One potential test which he provides is that “people who cannot feel pure aesthetic emotions remember pictures by their subjects; whereas people who can, as often as not, have no idea what the subject of a picture is. They have never noticed the representative element, and so when they discuss pictures they talk about the shapes of forms and the relations and quantities of colours. Often they can tell by the quality of a single line whether or no[t] a man is a good artist.”
Examples of true art, in Bell’s judgement, include:
- the works illustrated in the book,
- Giotto’s frescoes at Padua,
- paintings by Poussin, Claude Lorraine, El Greco, Rembrandt (but see below), Velasquez, Vermeer, Rubens, Jordaens, Chardin, Ingres, Corot, Daumier, Manet, Renoir, Degas,
- paintings by Piero della Francesca, and several contemporaries,
- paintings by Cézanne, Gauguin, van Gogh, Matisse, Picasso,
- most works known as ‘Primitive’,
- only 3-4% of Cubist or Impressionist paintings,
- paintings by Duncan Grant and Roger Fry.
Examples of what Bell considers is not art include:
- Frith’s Paddington Station (1862) (see below)
- “descriptive pictures”, which imitate nature, including most realist paintings,
- the paintings of most Royal Academicians, including Frederic, Lord Leighton,
- most painters “who flourished between the high Renaissance and the contemporary movement may be divided into two classes, virtuosi and dunces”, neither of which he deems to be art,
- JMW Turner, who is dismissed as “an after-dinner poet”,
- John Singer Sargent,
- Neo-Impressionists, including Seurat, Signac, and Cross.

Bell’s comments on Rembrandt are particularly scathing: “Rembrandt, indeed, perhaps the greatest genius of them [17th century masters] all, is a typical ruin of his age. For, except in a few of his later works, his sense of form and design is utterly lost in a mess of rhetoric, romance, and chiaroscuro. It is difficult to forgive the seventeenth century for what it made of Rembrandt’s genius.”

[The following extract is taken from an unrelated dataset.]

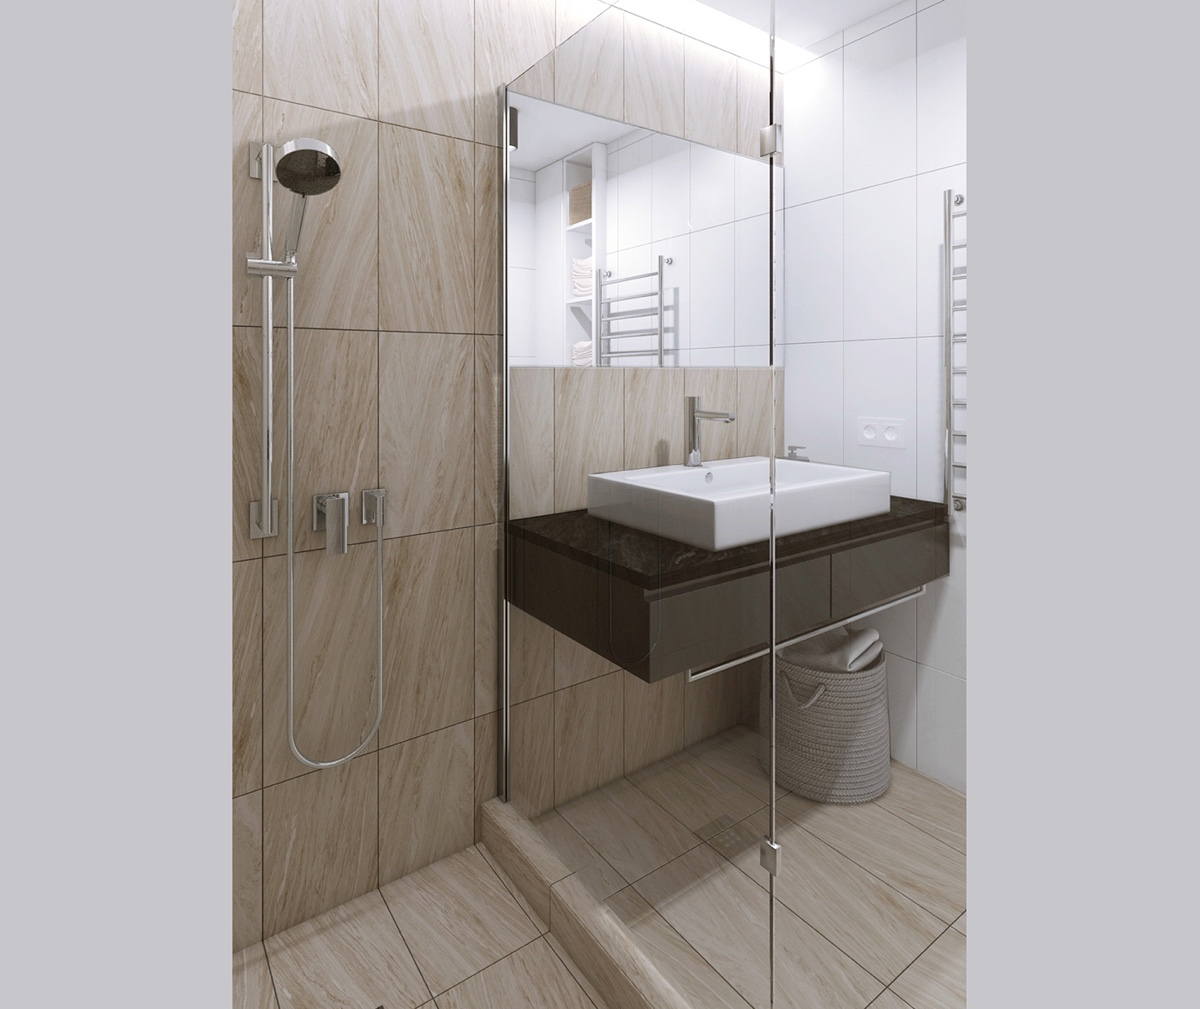 bathroom-tile-with-wood-grain-texture

In contrast, “Cézanne is a type of the perfect artist; he is the perfect antithesis of the professional picture-maker, or poem-maker, or music-maker. He created forms because only by so doing could he accomplish the end of his existence – the expression of his sense of the significance of form.”
Between them, Roger Fry and Clive Bell not only destroyed the reputation of John Singer Sargent during his final years, but laid the ground for what happened to painting over much of the rest of the twentieth century – a period in which many were to lament that painting was dead and buried. Perhaps John Singer Sargent should enjoy the last word.

In the end, art still wins: Sargent’s wonderful paintings live on, while Roger Fry and Clive Bell have been all but forgotten.